* **Recorded data**
■ ■ ■ ■

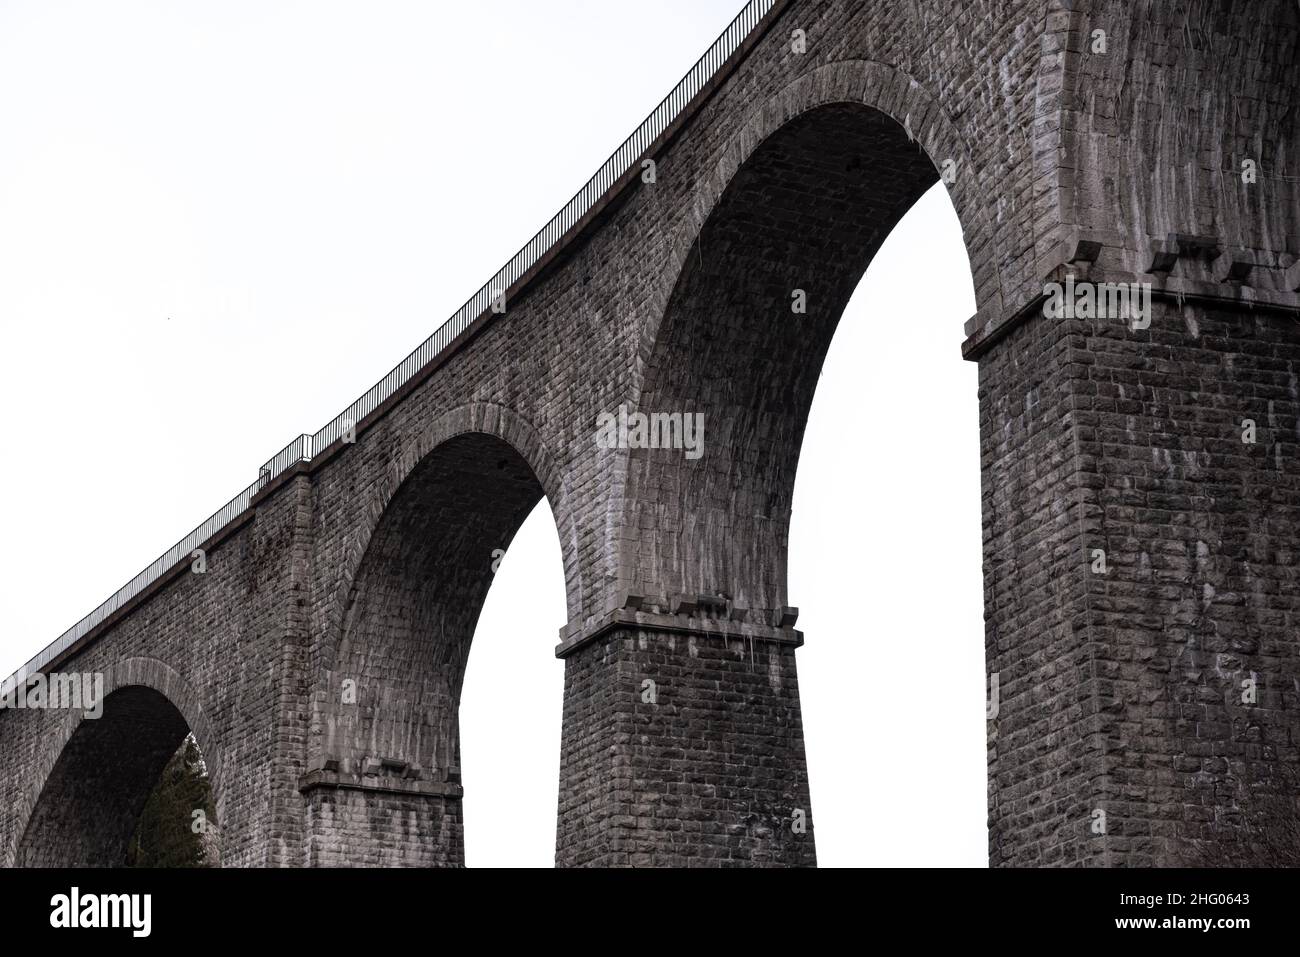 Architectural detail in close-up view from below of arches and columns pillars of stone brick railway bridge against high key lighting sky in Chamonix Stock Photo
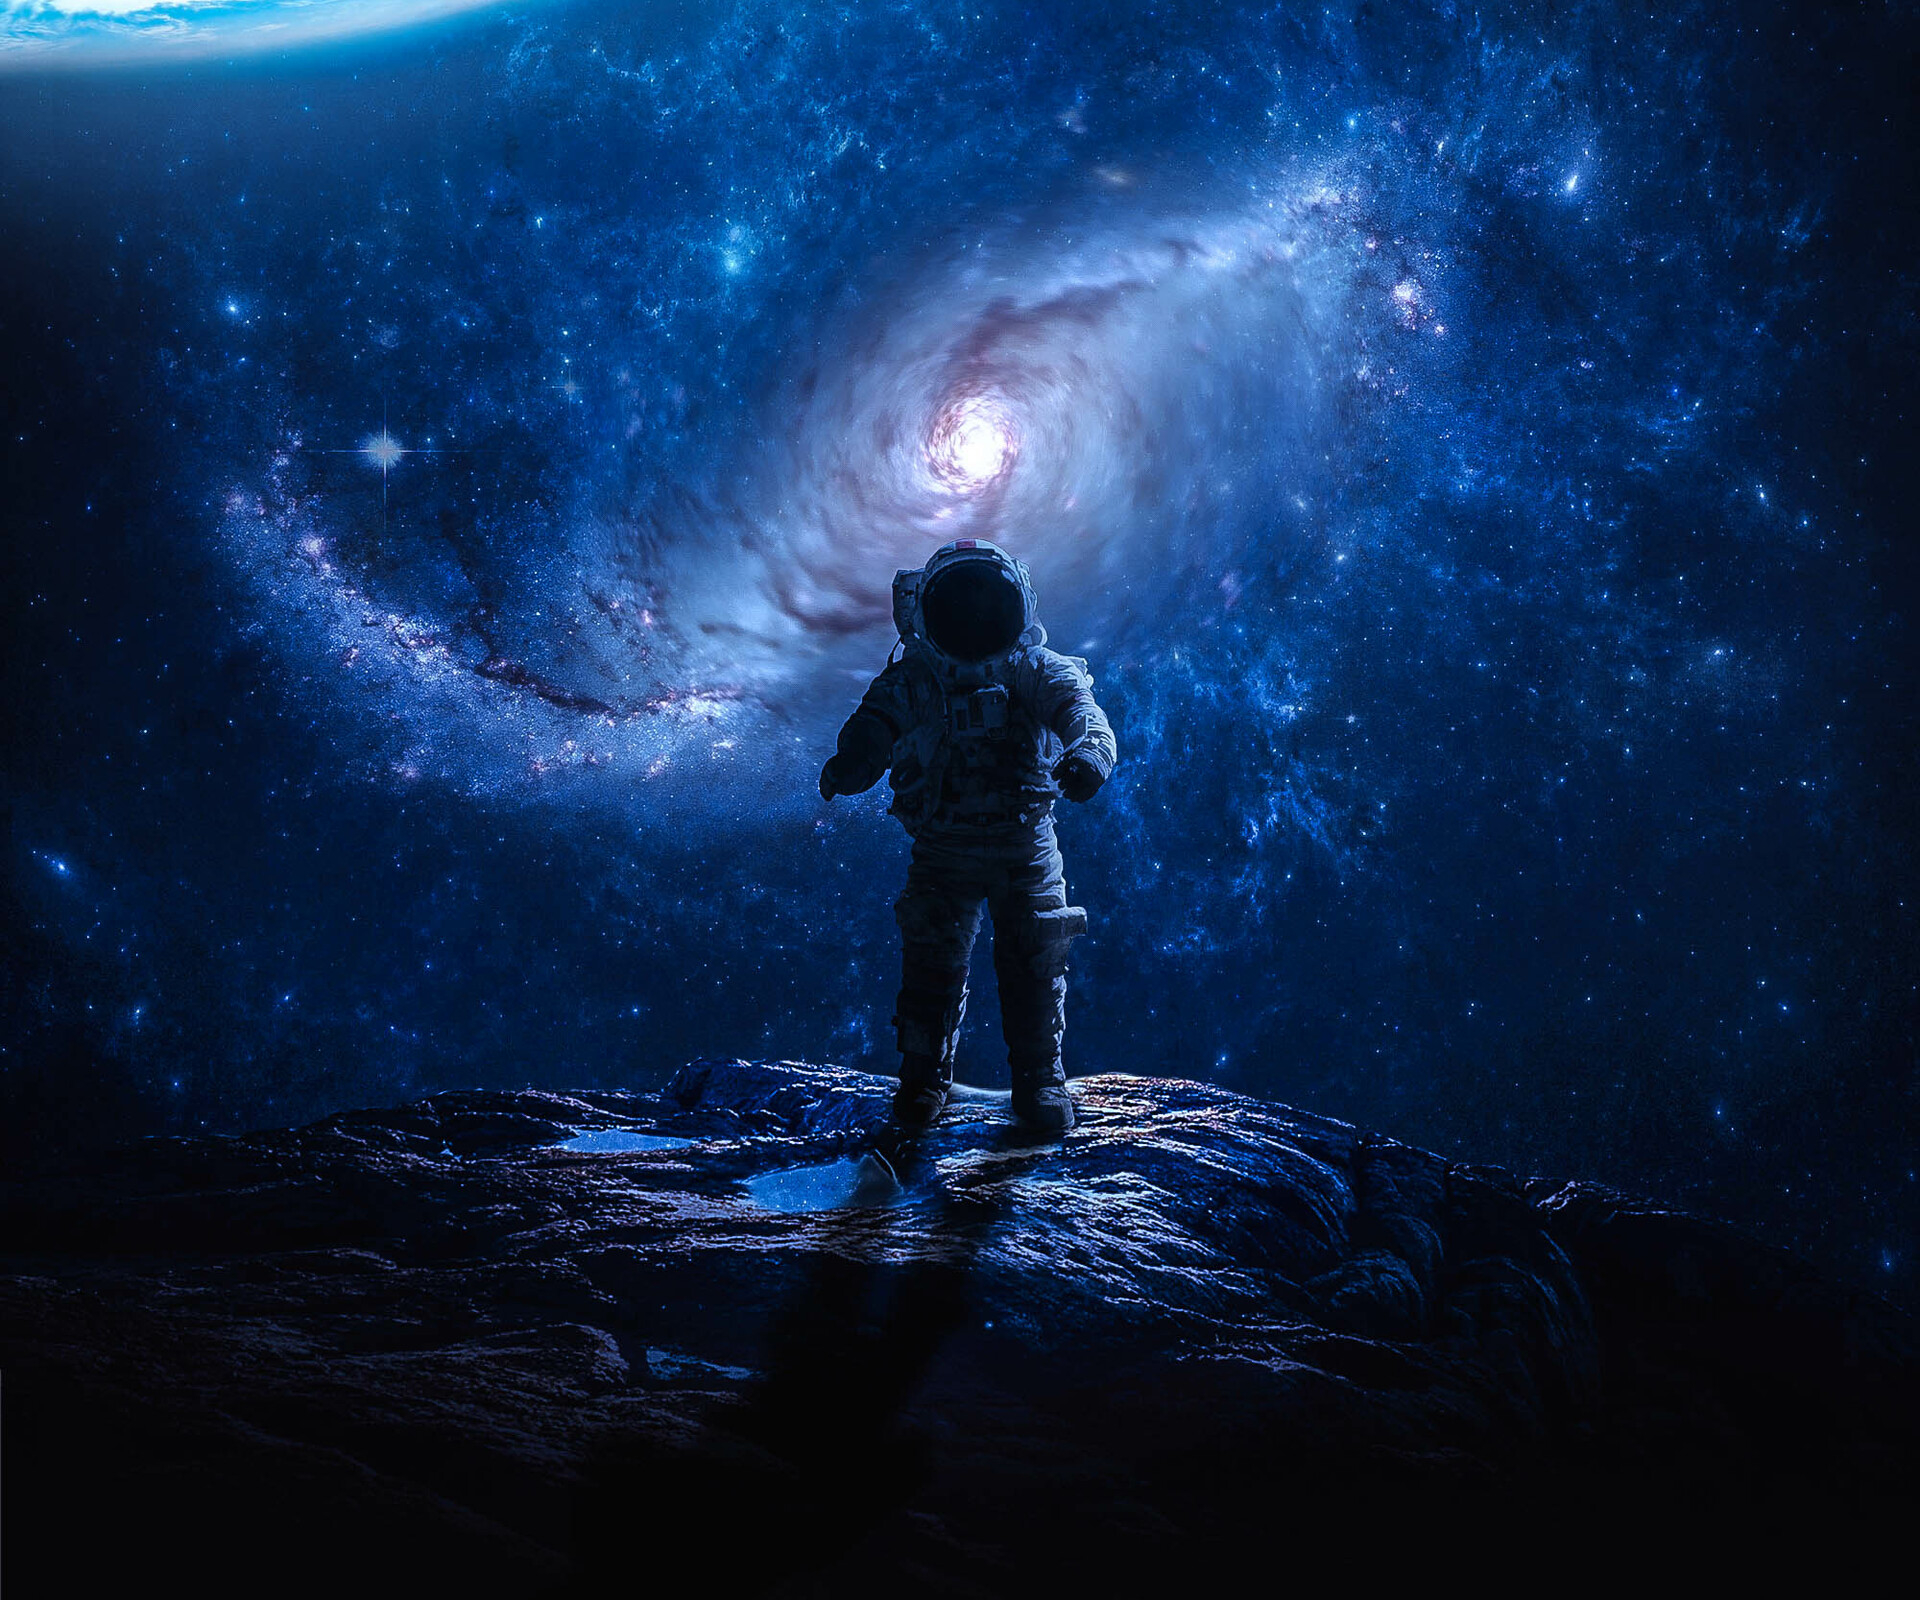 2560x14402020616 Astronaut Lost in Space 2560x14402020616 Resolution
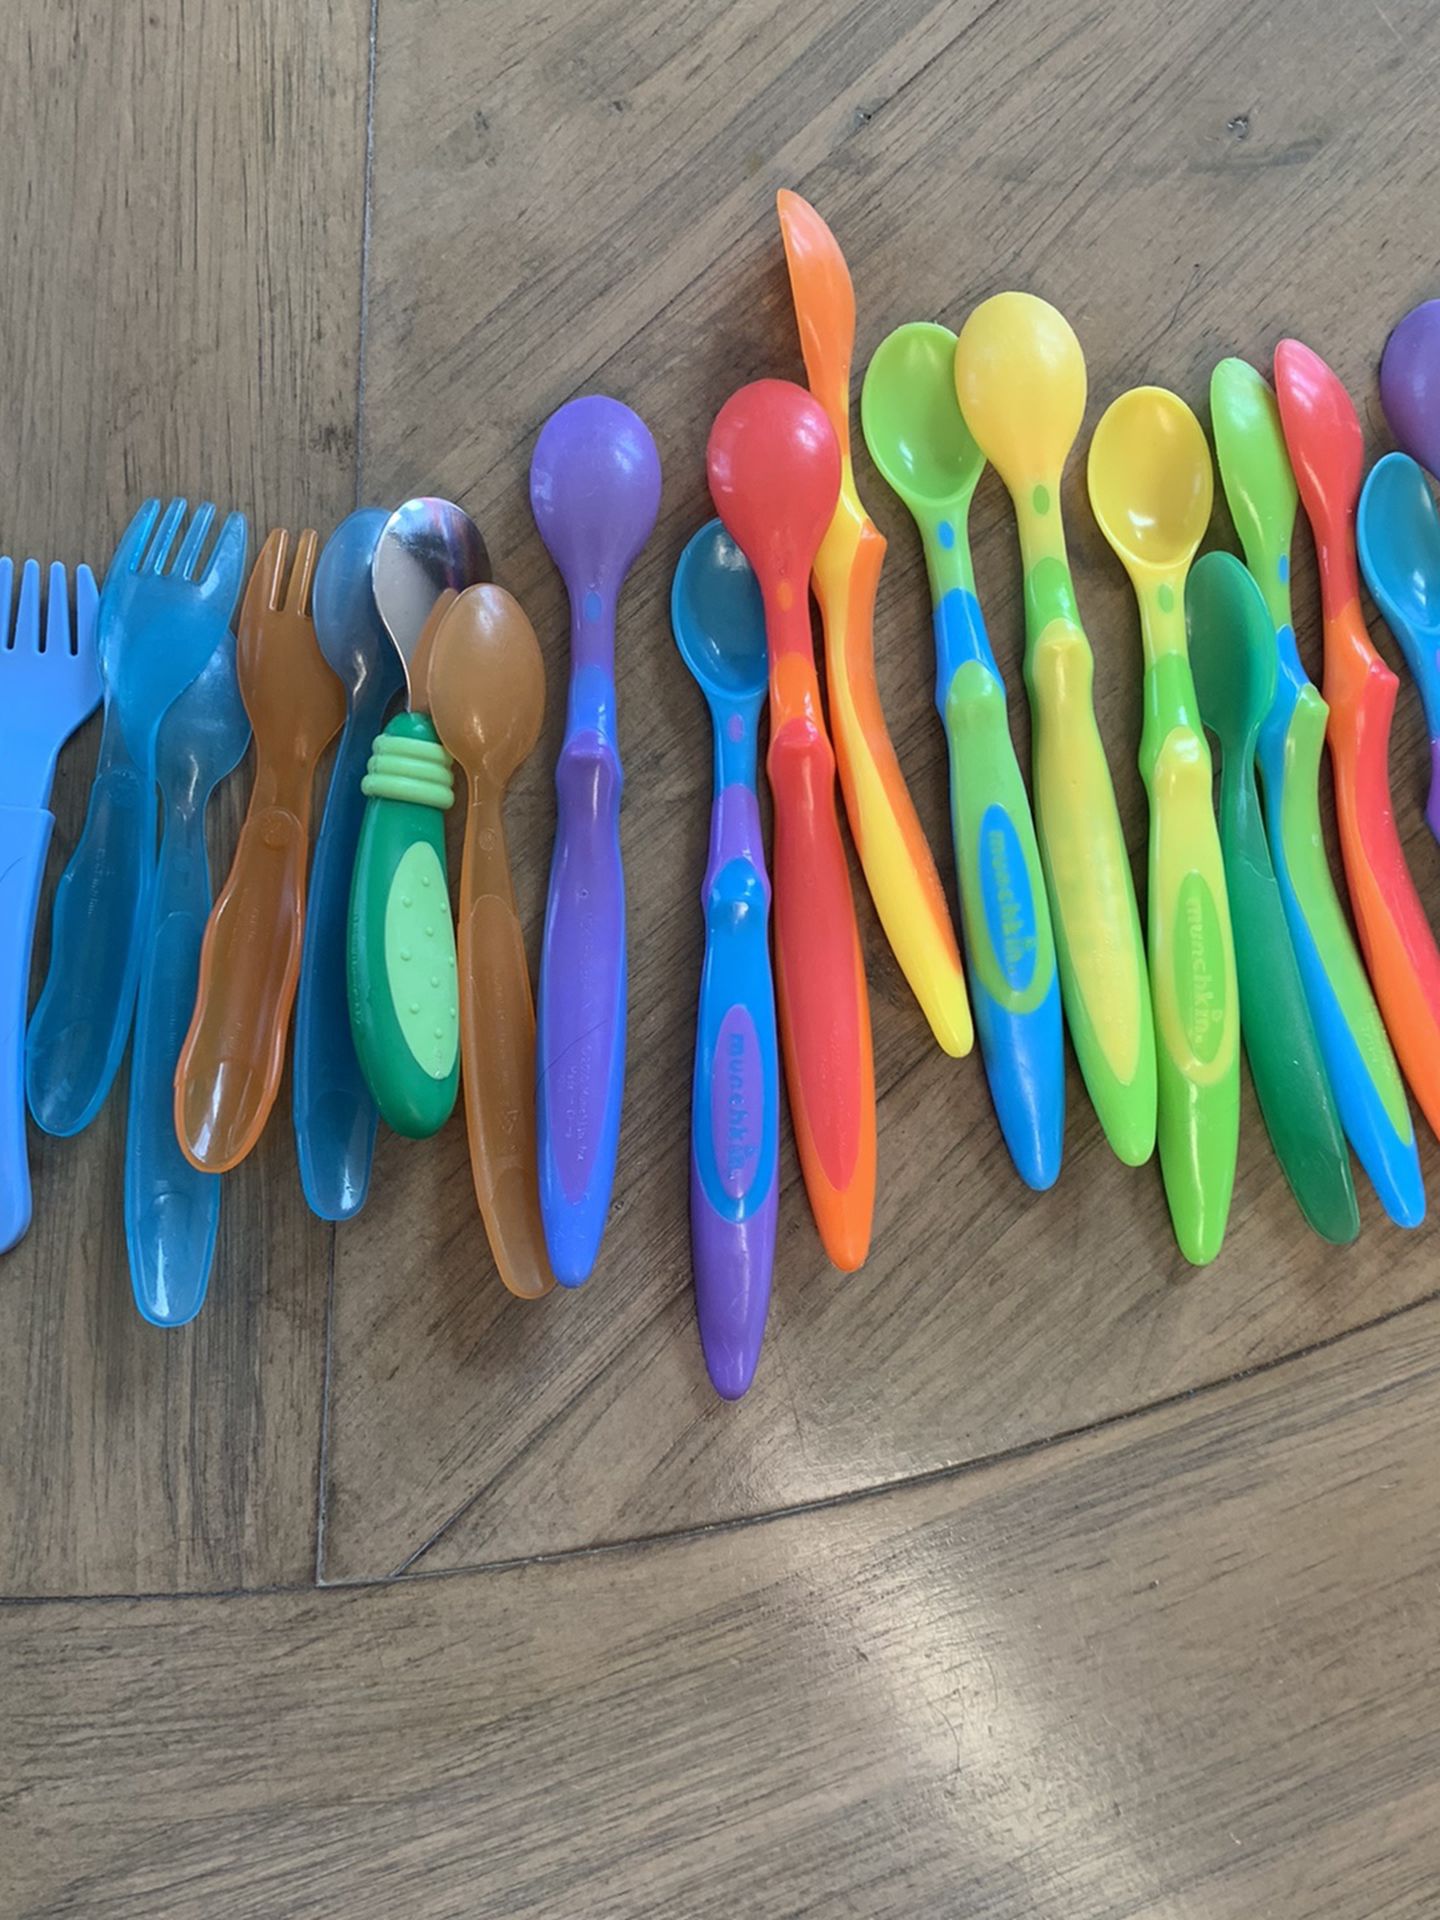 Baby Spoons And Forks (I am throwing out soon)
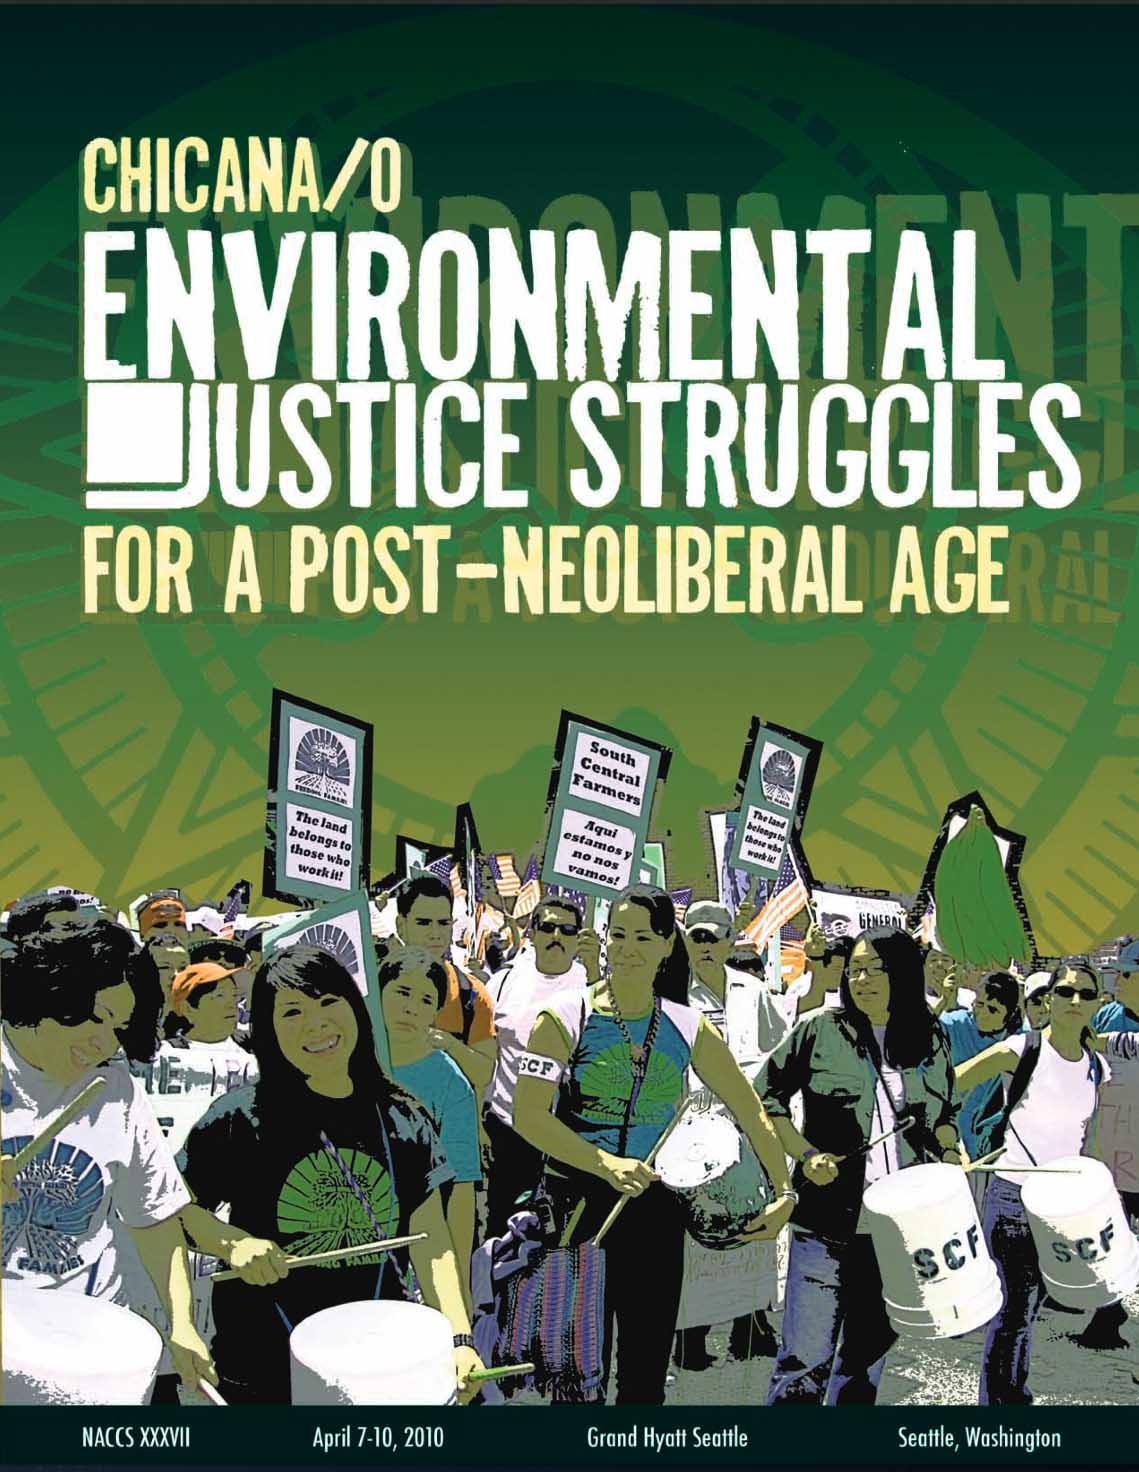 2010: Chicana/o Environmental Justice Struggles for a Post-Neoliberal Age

■ ■ ■ ■

* **Required action**
Nothing but the lines from the line with "Baby Spoons And" through the last line of the listing above should be repeated, and pictures should be left out.

* **Response area**
 Baby Spoons And Forks (I am throwing out soon)
 2010: Chicana/o Environmental Justice Struggles for a Post-Neoliberal Age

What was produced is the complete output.